INPUT DATA:
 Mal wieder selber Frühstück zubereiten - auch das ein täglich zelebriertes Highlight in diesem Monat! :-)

---

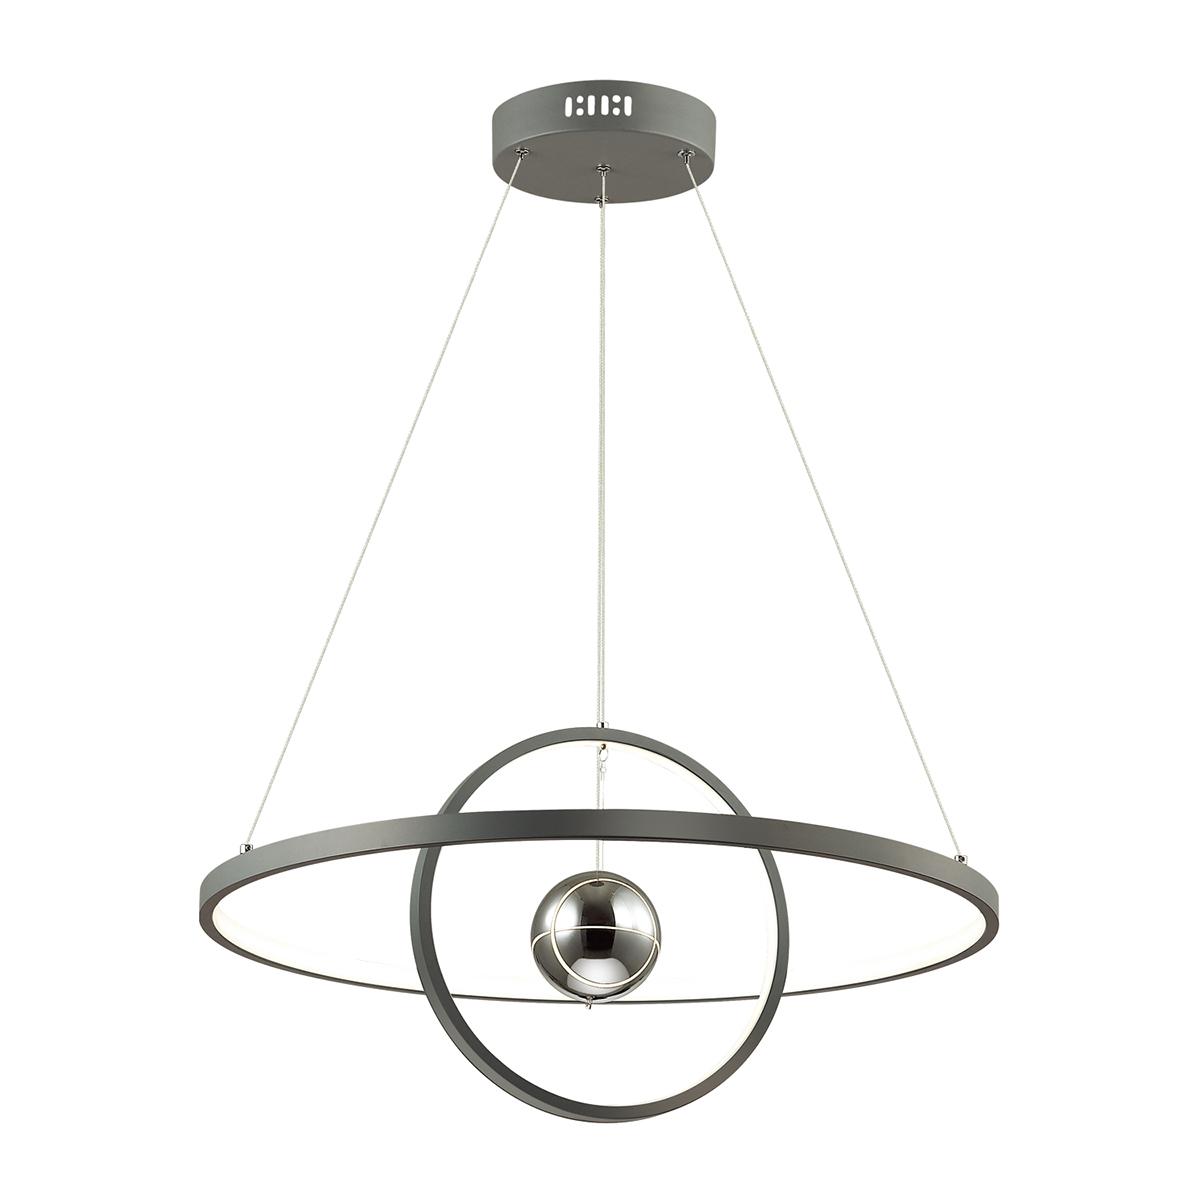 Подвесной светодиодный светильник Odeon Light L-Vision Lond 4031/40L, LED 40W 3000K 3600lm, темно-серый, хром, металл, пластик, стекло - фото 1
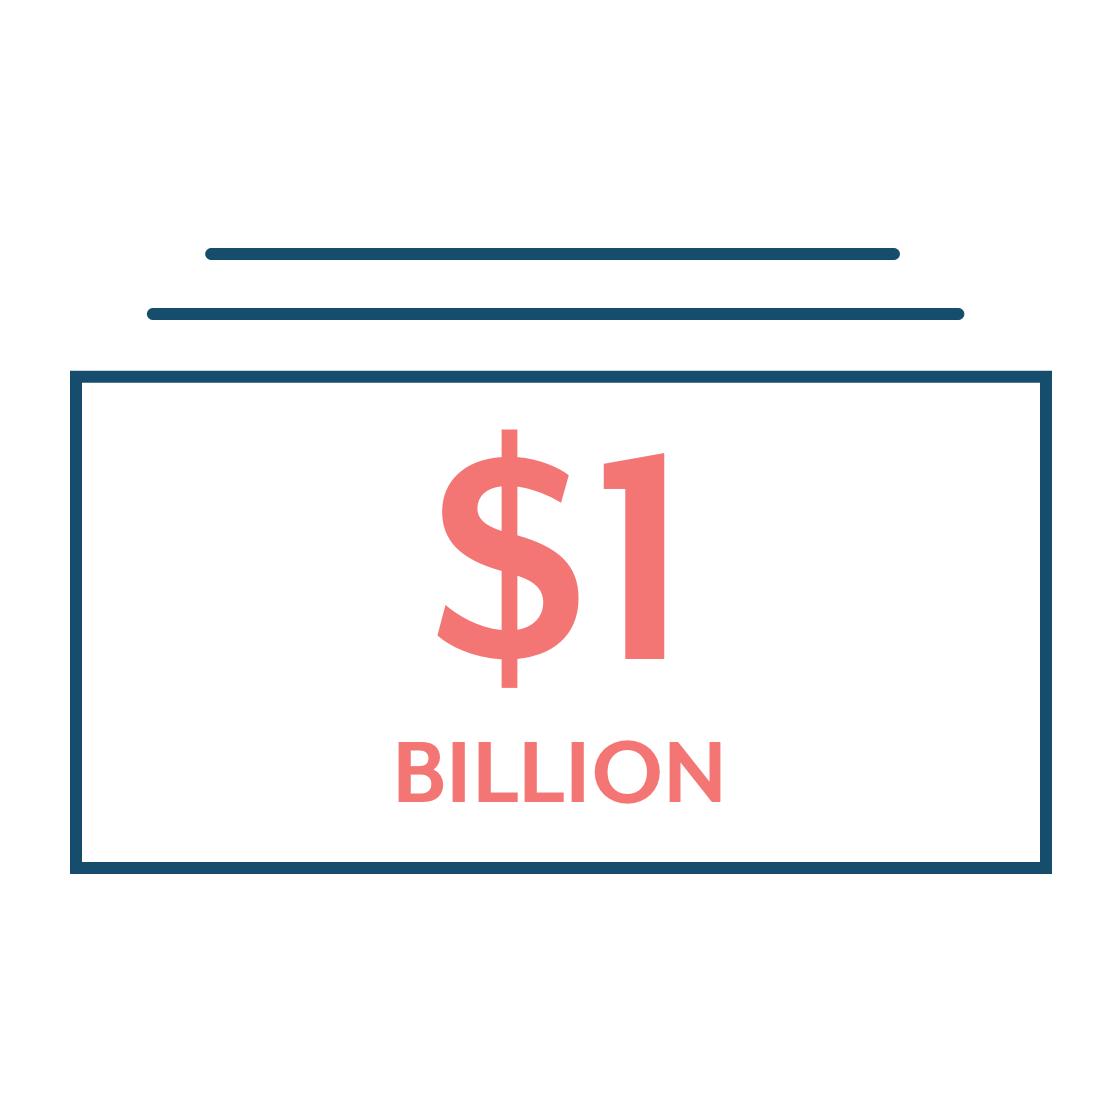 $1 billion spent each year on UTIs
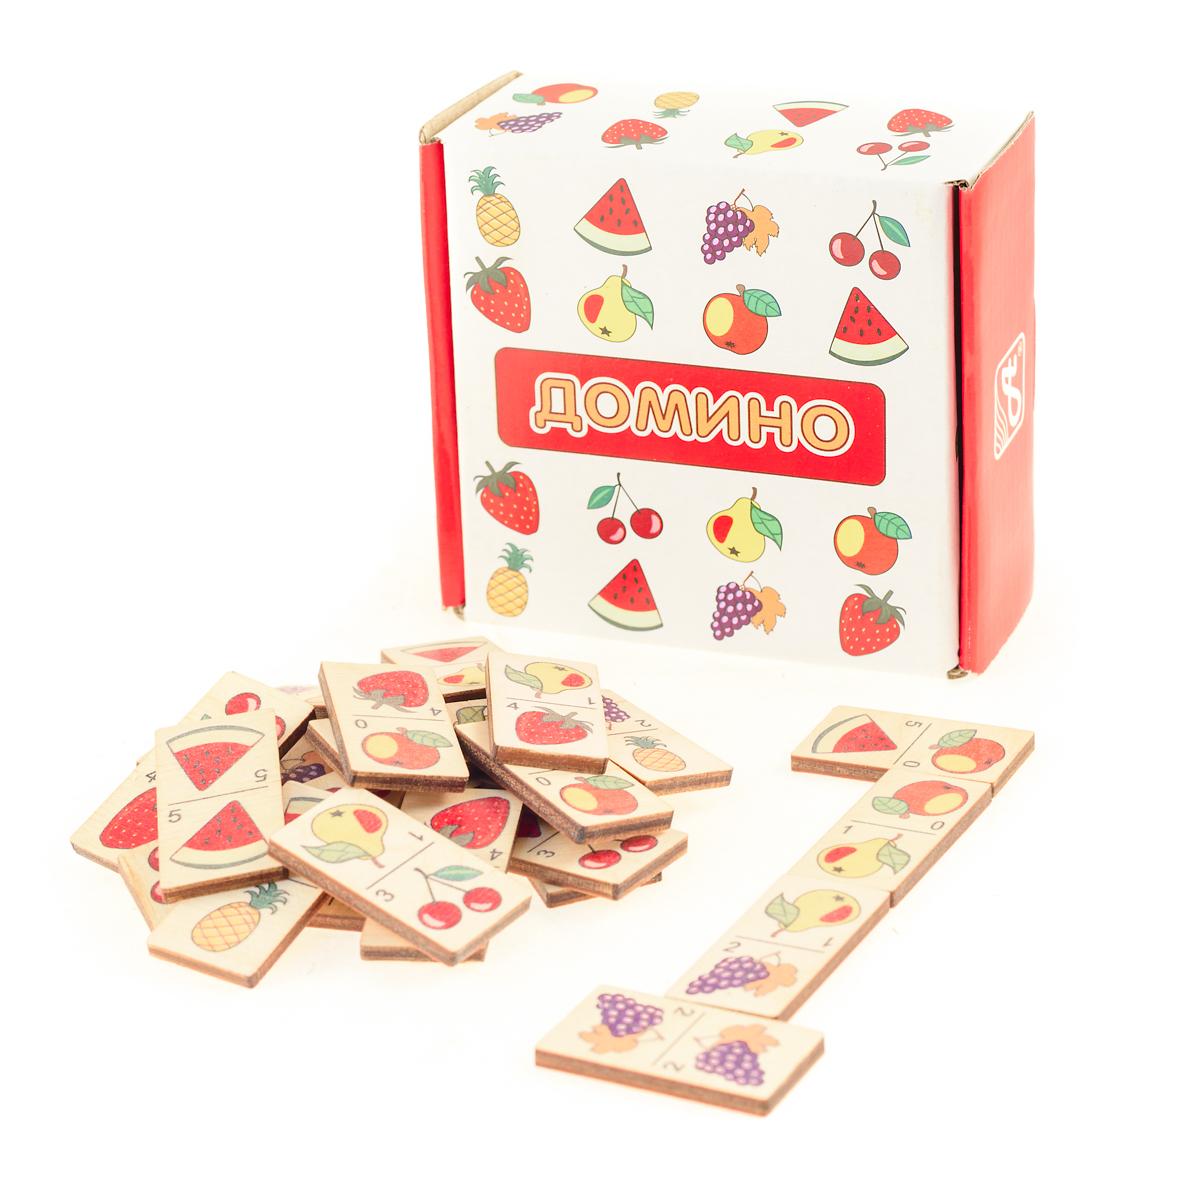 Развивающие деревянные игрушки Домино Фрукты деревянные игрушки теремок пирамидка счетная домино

WHAT YOU SHOULD DO:
In the material above, which lines fall between the one holding "year on UTIs" and the one holding "Развивающие деревянные игрушки", inclusive? Print exactly those, with the pictures left out.

EXERCISE ANSWER:
 $1 billion spent each year on UTIs
 Развивающие деревянные игрушки Домино Фрукты деревянные игрушки теремок пирамидка счетная домино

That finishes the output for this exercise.